> _AVAILABLE DATA_:

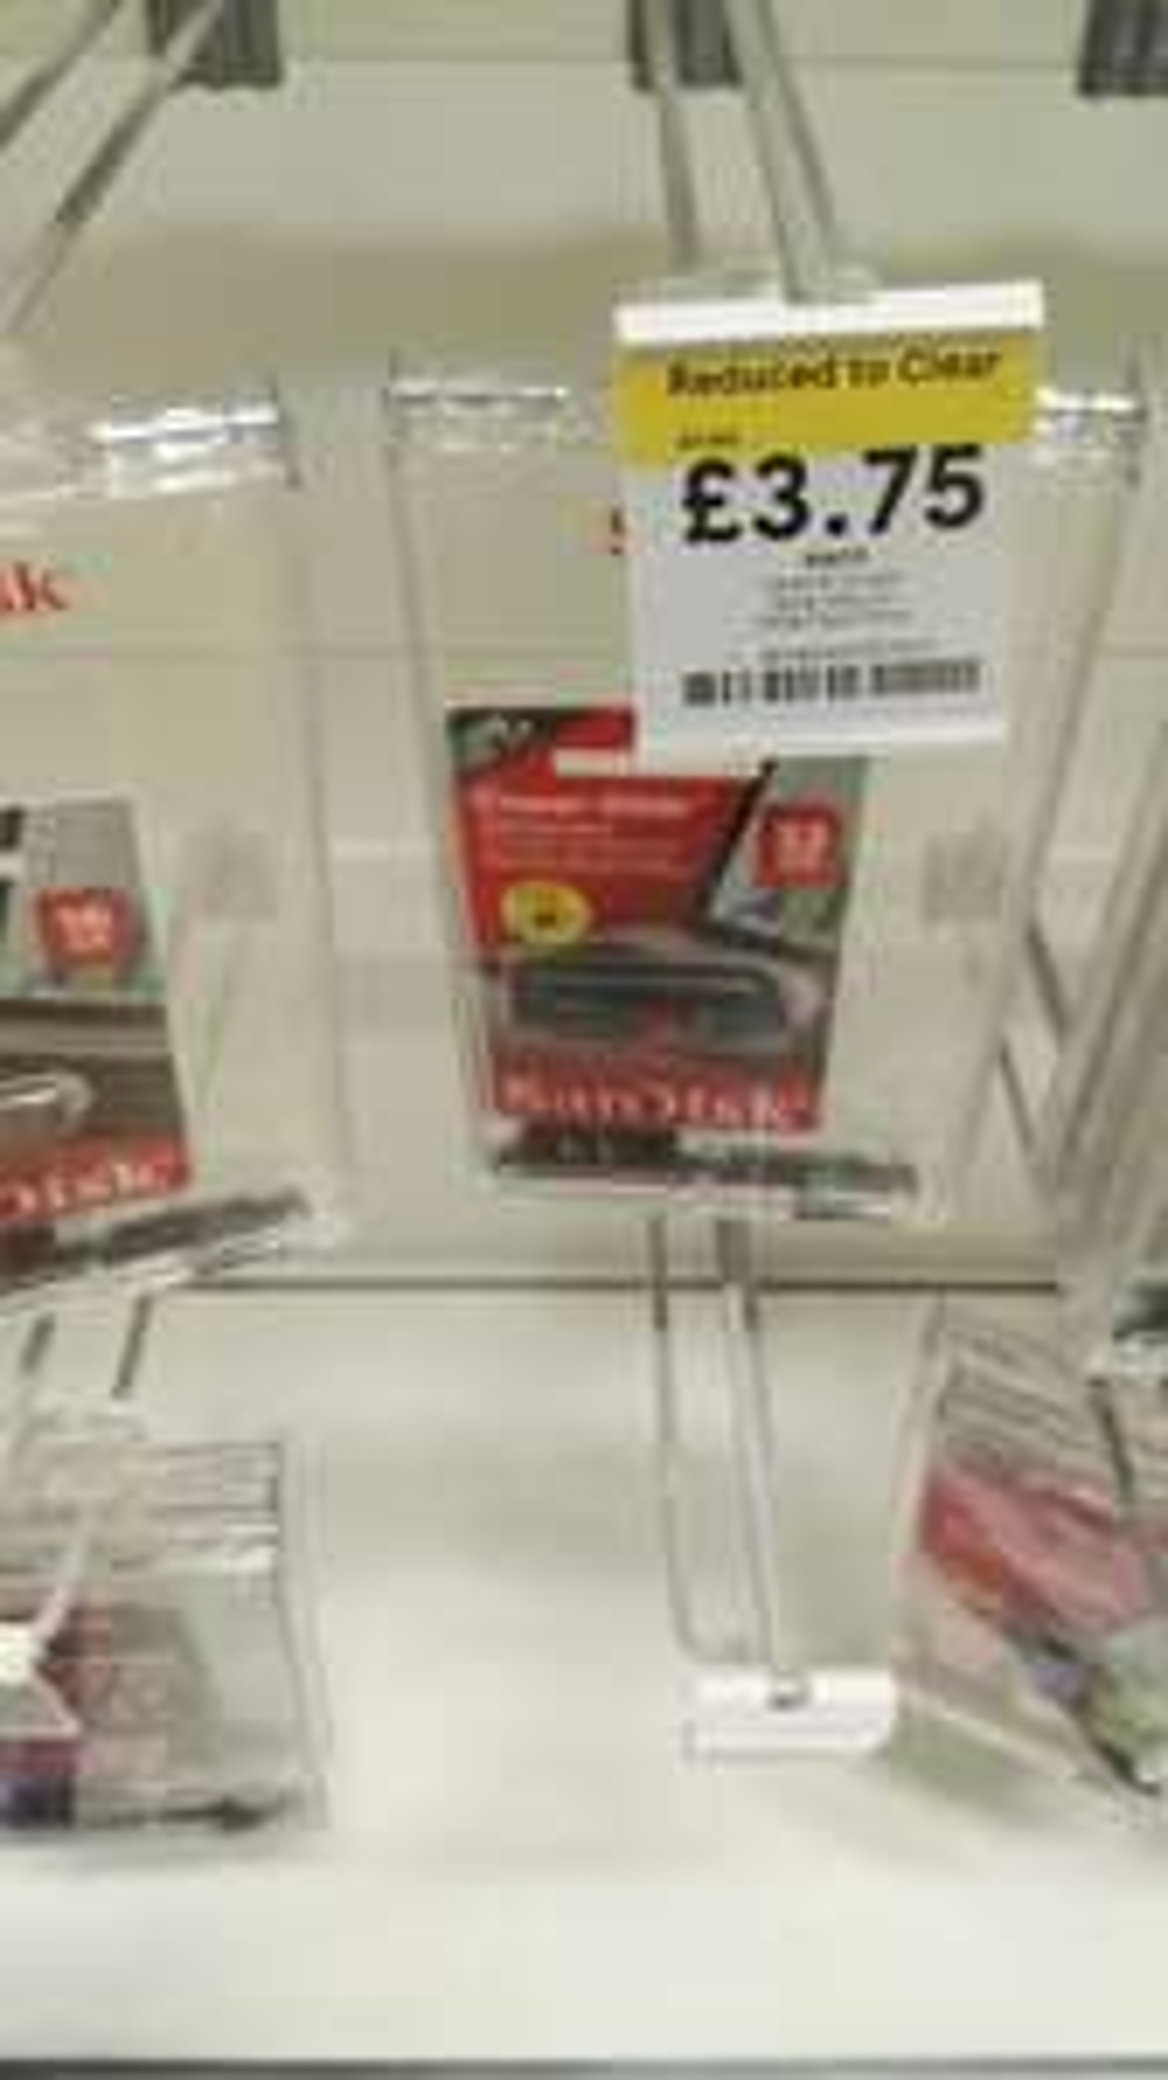 Sandisk cruzer glide usb stick 32gb £3.75 instore @ Tesco
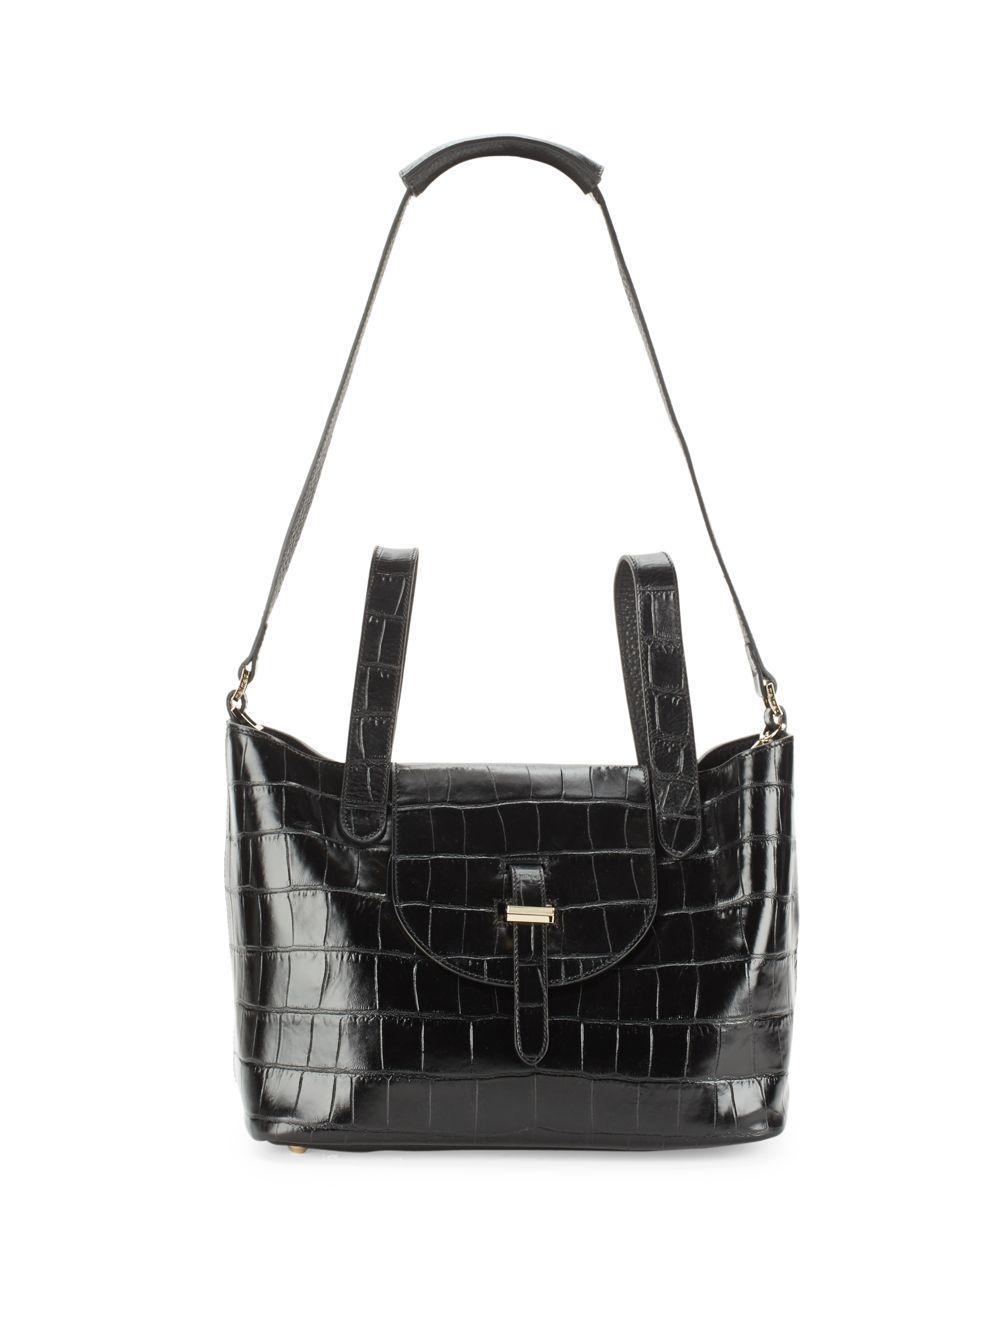 e292ed988e Meli Melo Textured Italian Leather Handbag in Black - Lyst
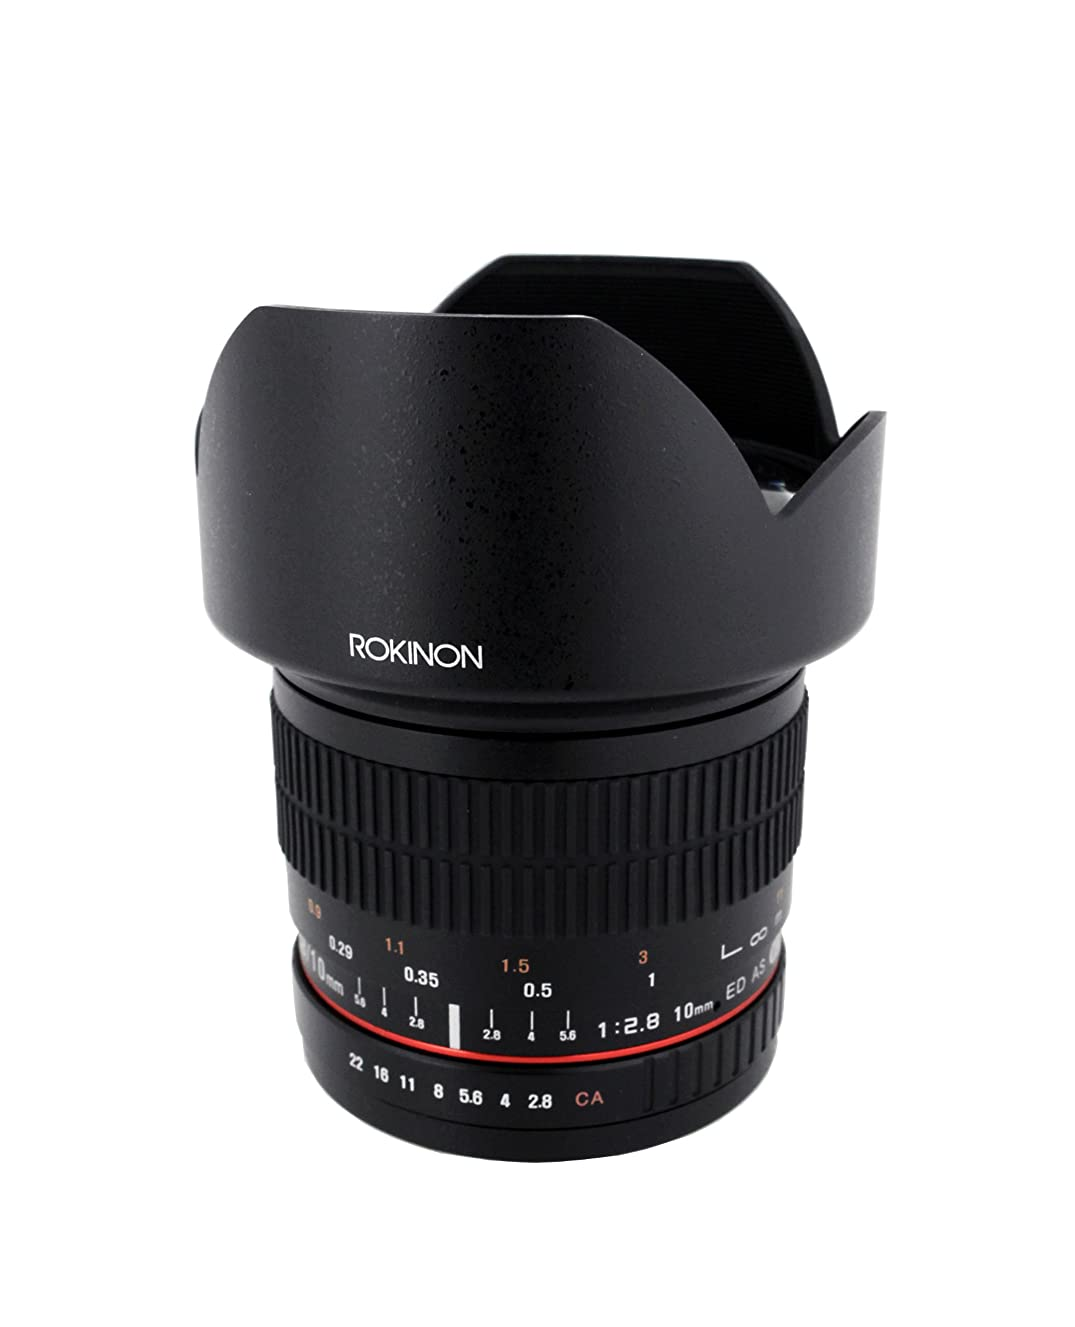 Rokinon 10mm F2.8 ED AS NCS CS Ultra Wide Angle Lens for Olympus and Panasonic Micro 4/3 (MFT) Mount Digital Cameras  (10M-MFT)

> _WHAT IS EXPECTED_:
The expected output is the full data above, reproduced exactly with no images.

> _RESPONSE_:
 Sandisk cruzer glide usb stick 32gb £3.75 instore @ Tesco
 e292ed988e Meli Melo Textured Italian Leather Handbag in Black - Lyst
 Rokinon 10mm F2.8 ED AS NCS CS Ultra Wide Angle Lens for Olympus and Panasonic Micro 4/3 (MFT) Mount Digital Cameras  (10M-MFT)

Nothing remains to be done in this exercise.